The festival, run by the Hardin County Chamber & Business Alliance, started as a way to help pay for a new Community Building at the fairgrounds. Autry, still alive in 1994, approved it. (He died in 1998, at age 91.)
As a remembrance of him, Kenton’s event certainly isn’t as high profile as Los Angeles’ Autry National Center of the American West. It is a relatively small, mostly indoor affair where visitors can buy Autry and other Western-related collectibles and hear singers such as Paul Belanger (The Oklahoma Yodeling Cowboy) perform songs associated with Autry, like “That Silver-Haired Daddy of Mine” and “Back in the Saddle Again.”
The festival also offers an opportunity to teach and celebrate the way Kenton’s manufacturing past once intersected with pop culture. The history museum, for instance, had a booth with photos and other information about Autry’s 1938 visit. One of the vendors and festival organizers, 77-year-old Bob Bailey, can recall meeting Autry in 1938.
For the many older attendees, Autry represents a vanished aspect of pop culture.
“His movies were wholesome and had moral values – the bad guys didn’t win,” says 72-year-old Richard Gearhart, of nearby Bucyrus. He had come to the festival and then went downtown to snap photos of the five-year-old civic mural showing a waving Autry, on his rearing horse Champion, in front of a vibrantly red-brick Kenton Hardware Co.
Vendors at the festival were eager to show off and discuss the changes and additions that Kenton Hardware made over the years to its line of Autry repeating cap guns. For instance, Autry’s signature initially was only on the frame, but it soon was added to the red- or pearl-covered grip. In 1951, after it lost the Autry contract, the company briefly made a non-endorsed cap gun known as the Lawmaker.
Today, some models can bring hundreds of dollars, although vendors say sales have slowed in this economy. Also of value – and offered for sale at the festival – were the cardboard boxes the guns came in. They had Autry’s picture on them and noted that the gun was patterned after “the original six shooter of Public Cowboy No. 1.”
“The price is going up on mint guns in the box,” says vendor Joe Krock, 77, also a member of the Gene Autry Days Committee. “They’re hard to find in a box. These were meant for kids to play with, not put away.”
Kenton isn’t the only small American town still honoring Autry.
In September, there is a festival in Gene Autry, Oklahoma, which changed its name from Berwyn after he purchased a ranch there at the height of his fame. He came to that town on Nov. 16, 1941 to celebrate the name change. But just three weeks later, World War II started and he enlisted. Afterward, he sold the ranch but the town kept the name.
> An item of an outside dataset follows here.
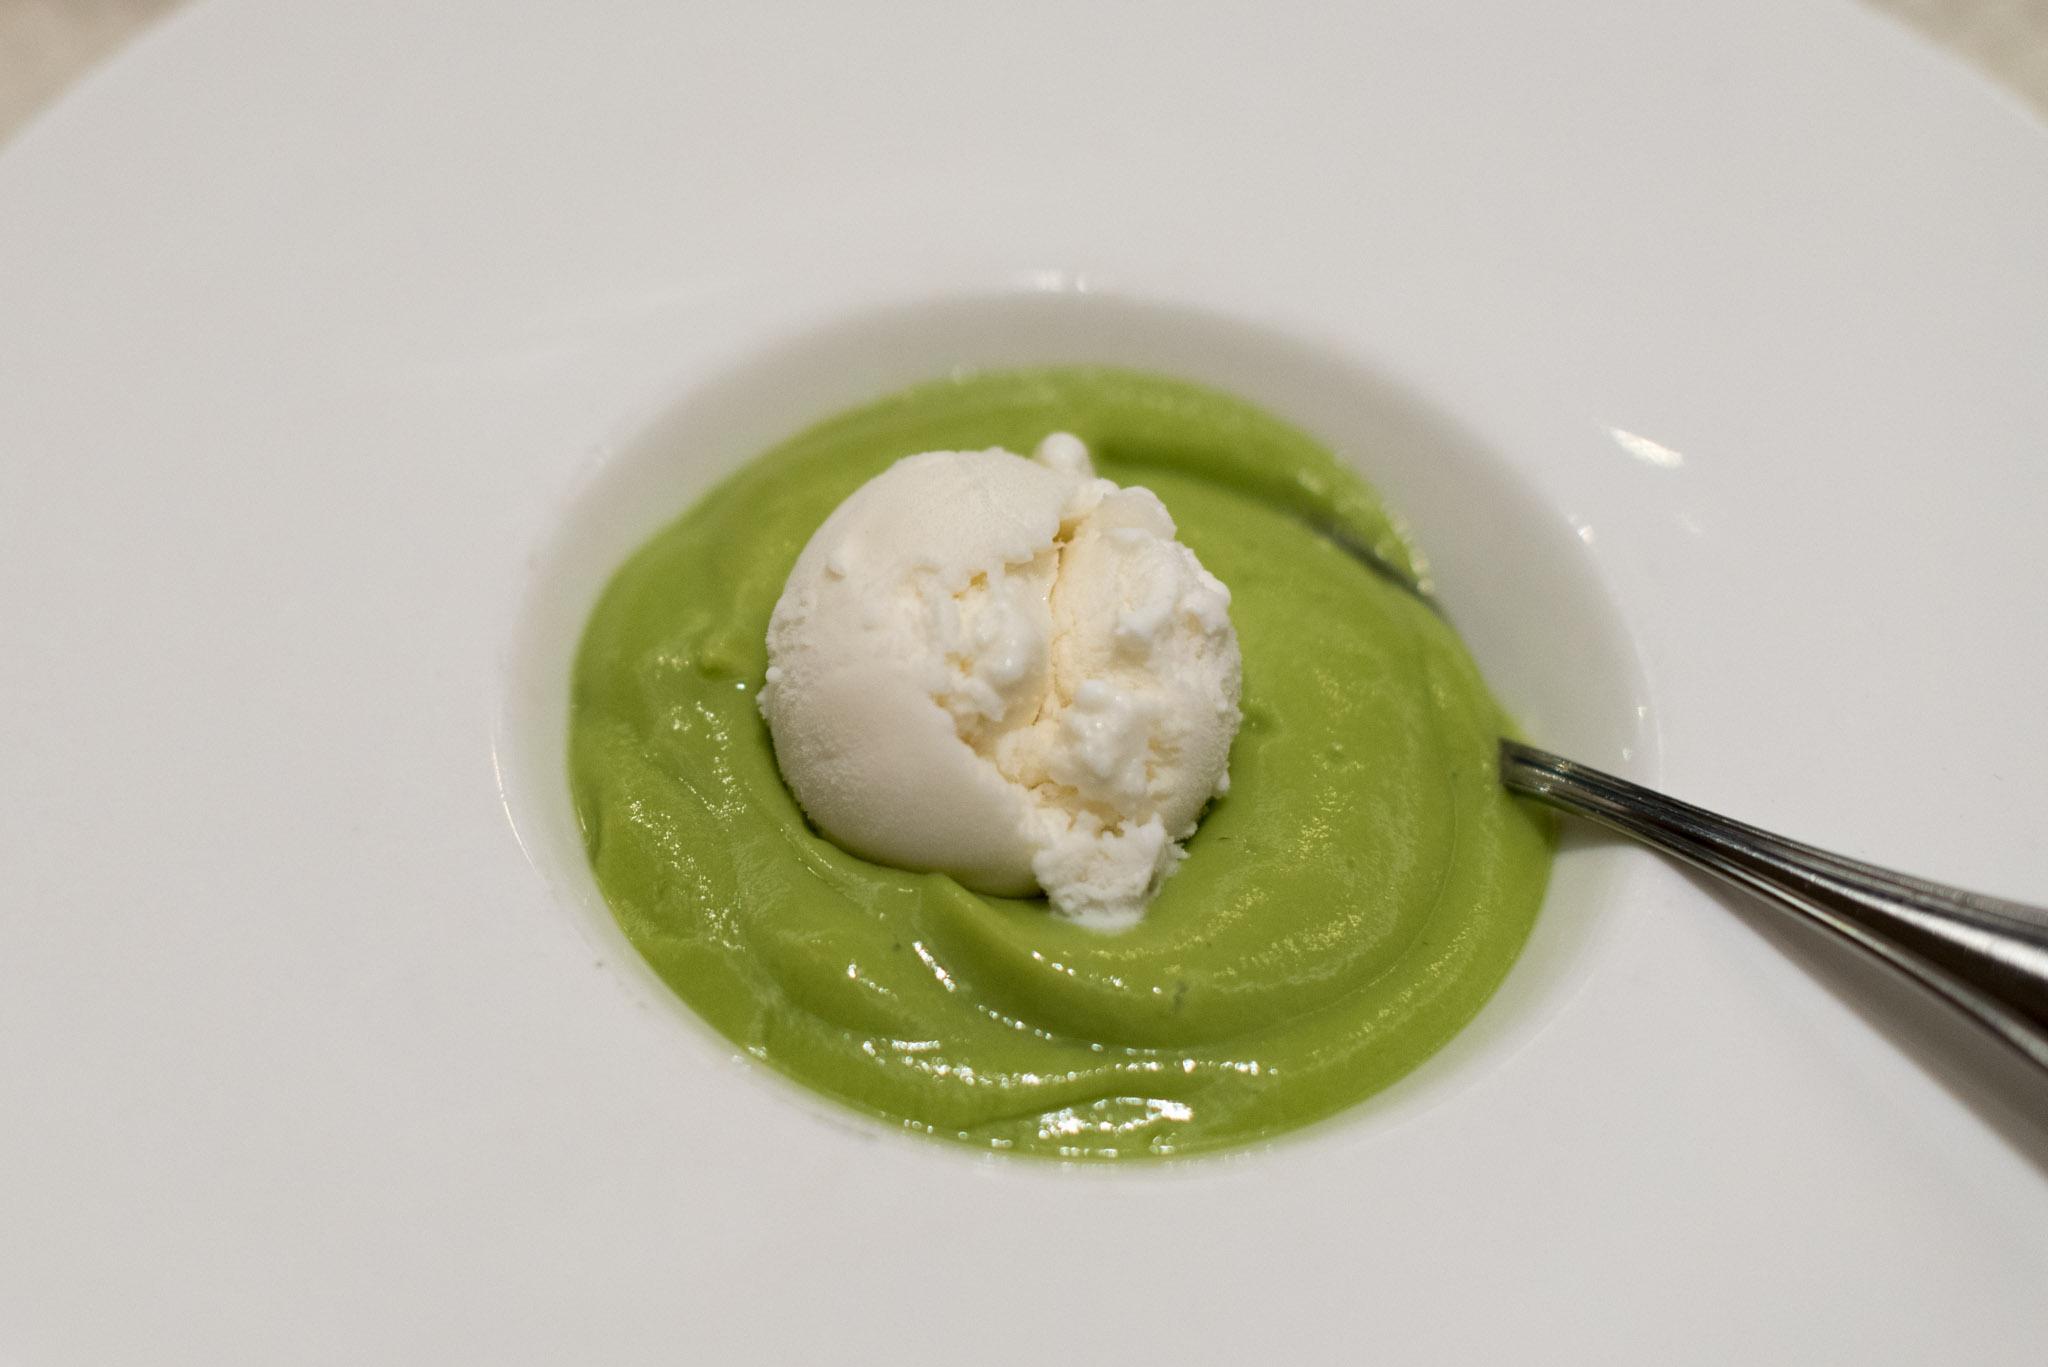 Ice-cream with Avocado Cream   Wah Lok - Carlton Hotel Singapore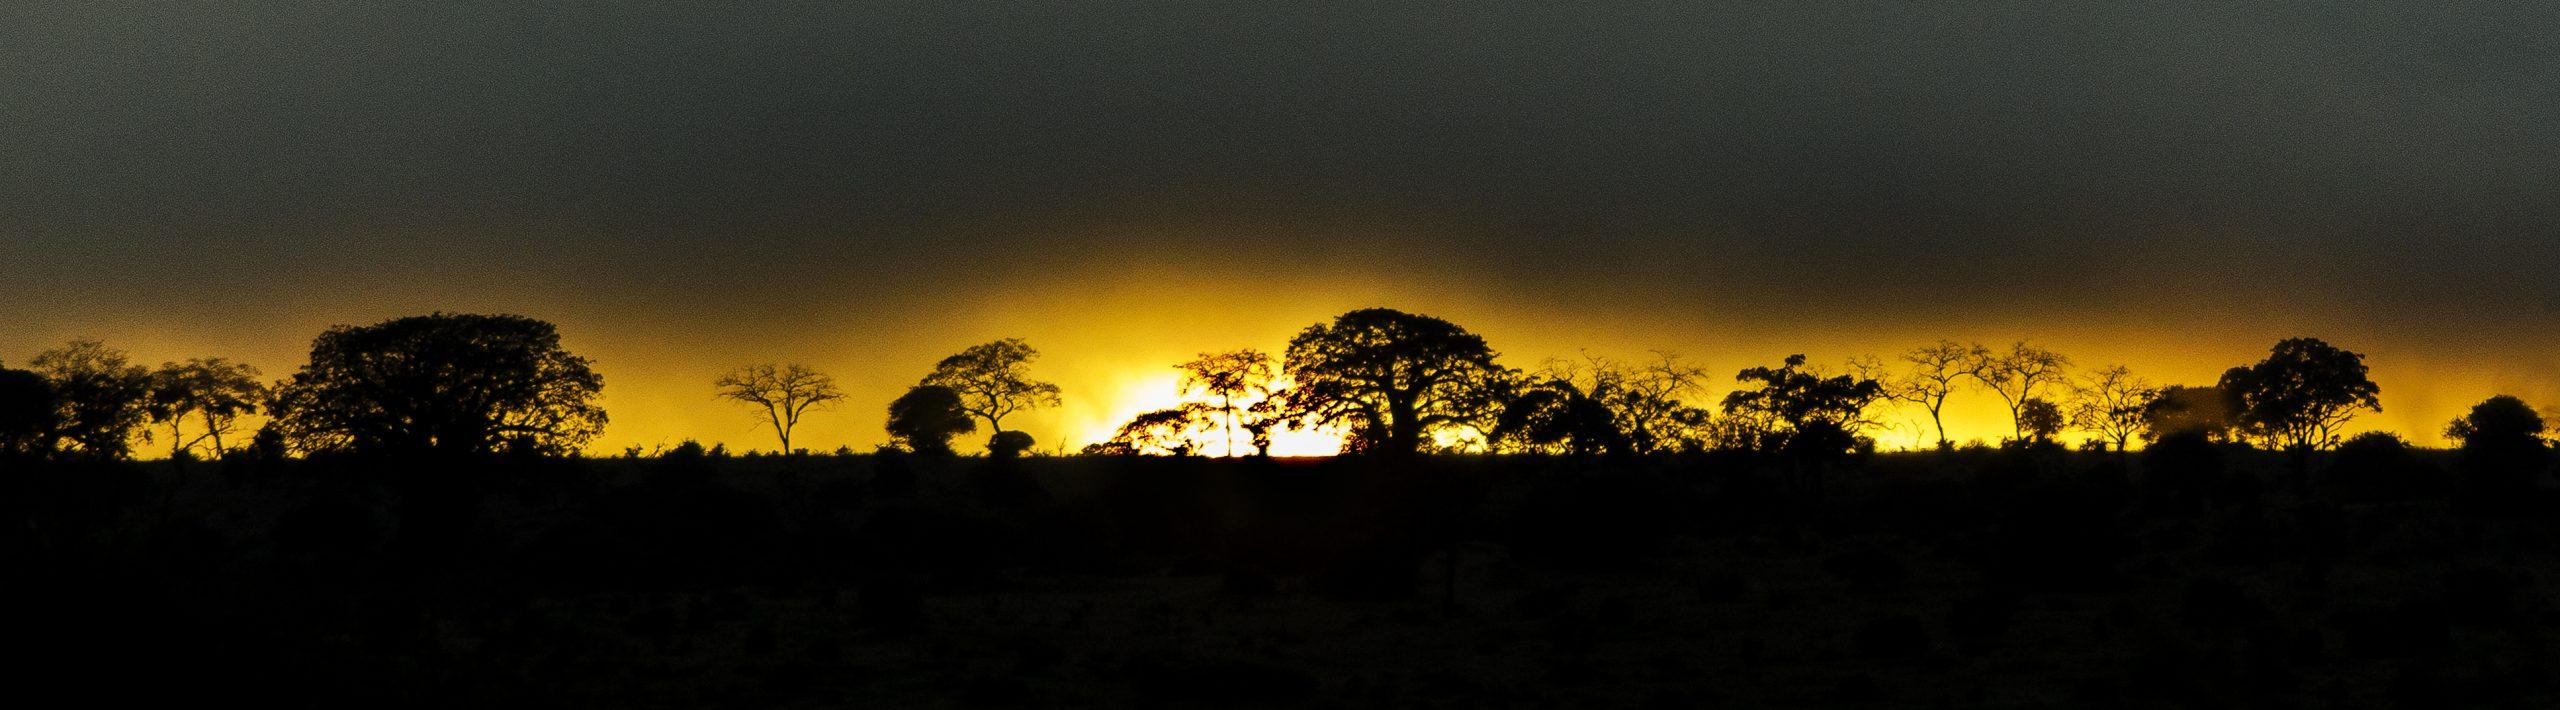 PhotoFly Travel Club | Tanzania Sunet | PhotoFly Travel Club

And also in September, this year’s Walk of Fame Music Festival and Induction in Richmond, Ind., will be dedicated to Autry. Very early in his career, he recorded for the city’s Gennett Records, a now-defunct but historic record label whose heritage city leaders want to promote.
Born in rural Tioga, Texas, Autry first found fame as a singer and performer on Chicago’s WLS Barn Dance radio show, branching out in the 1930s to movies while still keeping active in radio, recordings and personal appearances. He later became the owner of the California Angels based in Orange County.
“He always put across this man-of-the-people, everyman vibe that people picked up on,” says Holly George-Warren, author of the Autry biography “Public Cowboy No. 1” and a past attendee at Kenton’s festival, in a phone interview.
“And during the Great Depression, someone with that reassuring presence, who had become successful but still had a plainspoken and conversant tone, really got to people.”